* WHAT IS EXPECTED
Repeat the listing below line by line, exactly, leaving its pictures behind.

* DATA BLOCK

= Beginning of Section =

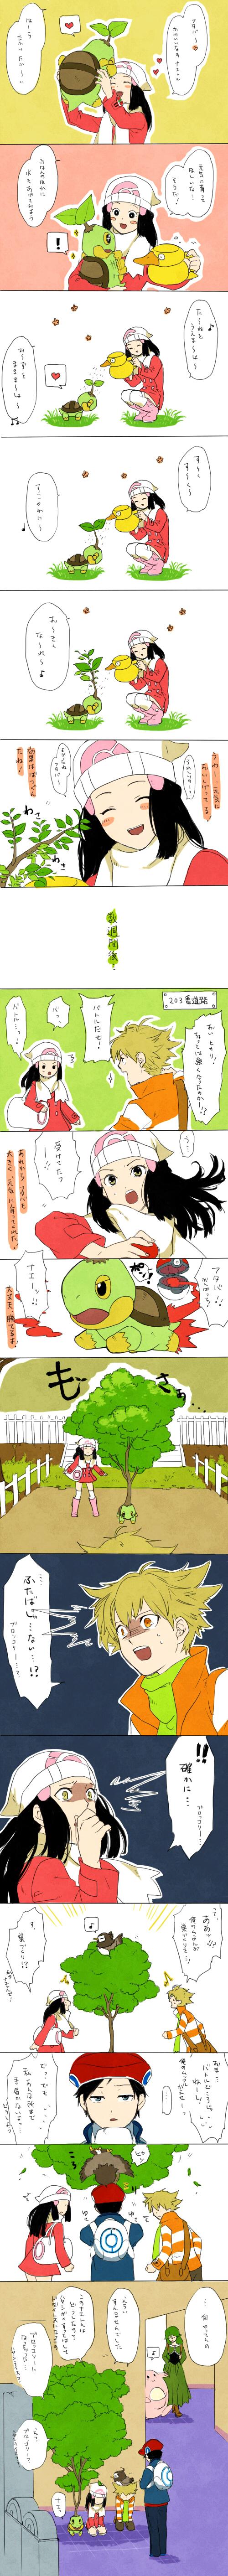 chansey highres hikari_(pokemon) hikari_(pokemon)_(remake) jun_(pokemon) jun_(pokemon)_(remake) kouki_(pokemon) kouki_(pokemon)_(remake) momi_(pokemon) pokemon pokemon_(creature) pokemon_(game) pokemon_dppt scarf smile starly tree turtwig winter_clothes yorozuame
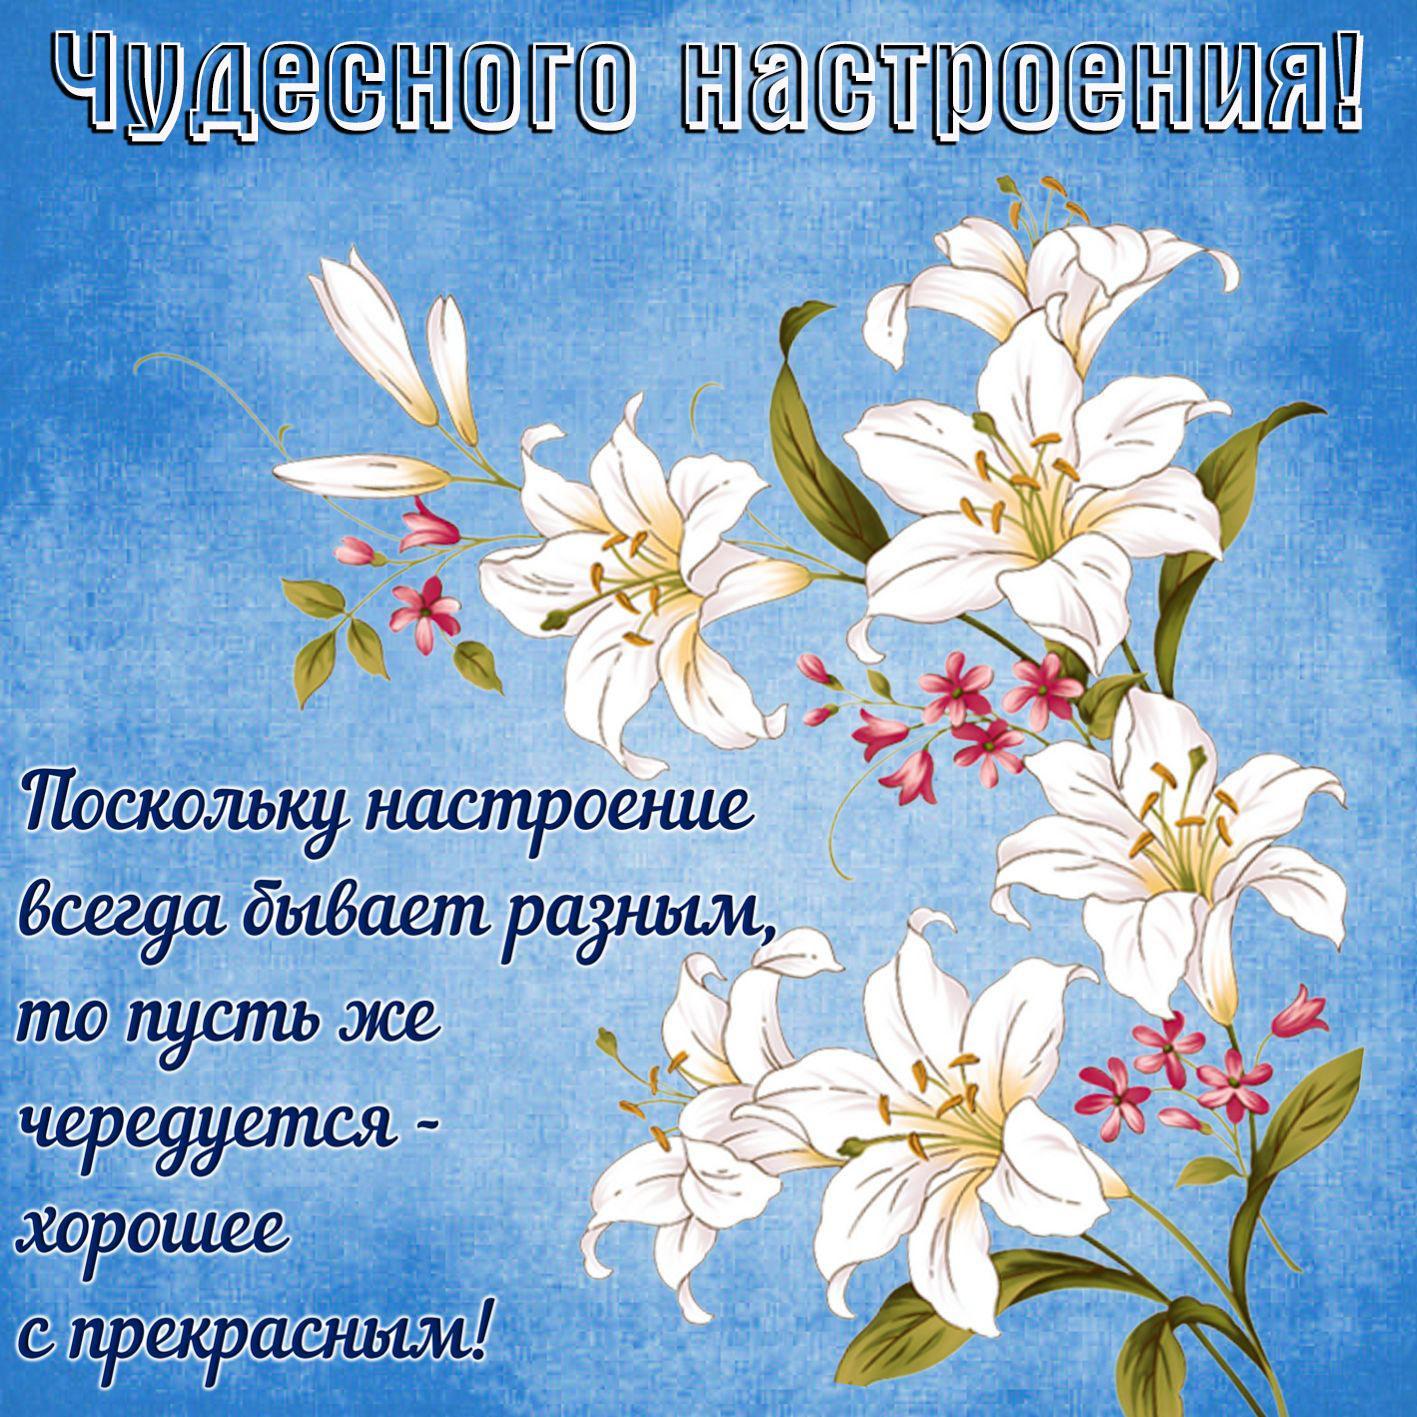 Красивые открытки с цветами с хорошим настроением, завтра отпуске
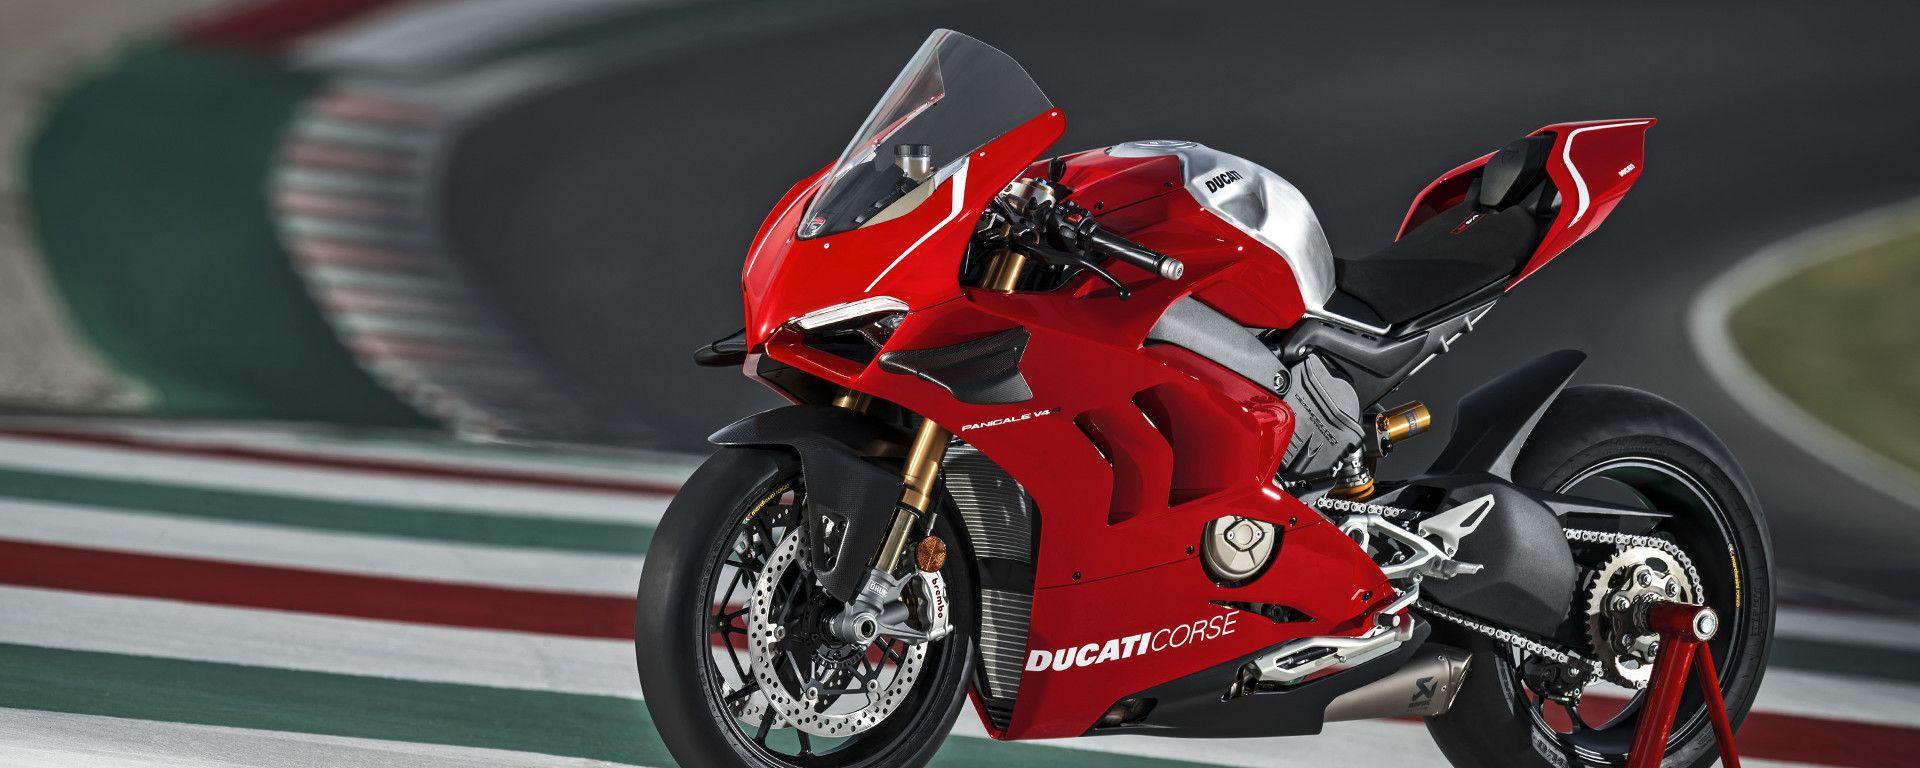 Ducati Panigale V4 R con un motore da 234 CV
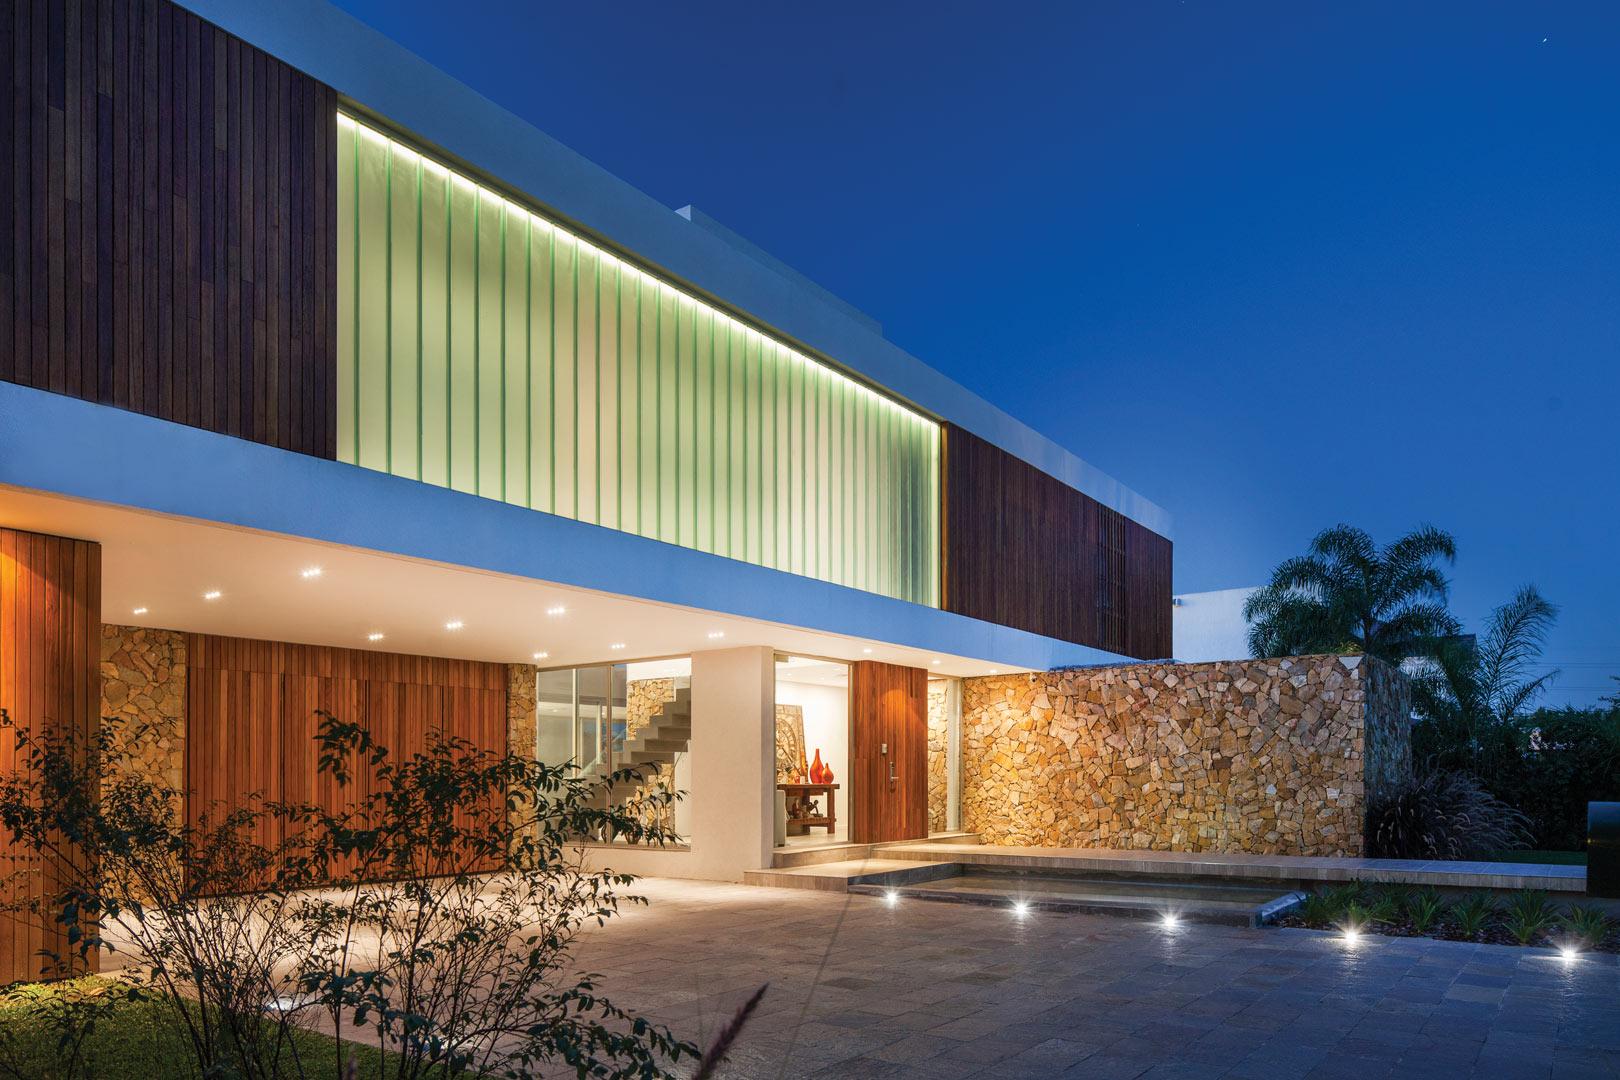 Galeria fotos oon architecture casa racionalista for Arquitectos para casas

= End of Section =

* SOLUTION
 chansey highres hikari_(pokemon) hikari_(pokemon)_(remake) jun_(pokemon) jun_(pokemon)_(remake) kouki_(pokemon) kouki_(pokemon)_(remake) momi_(pokemon) pokemon pokemon_(creature) pokemon_(game) pokemon_dppt scarf smile starly tree turtwig winter_clothes yorozuame
 Красивые открытки с цветами с хорошим настроением, завтра отпуске
 Ducati Panigale V4 R con un motore da 234 CV
 Galeria fotos oon architecture casa racionalista for Arquitectos para casas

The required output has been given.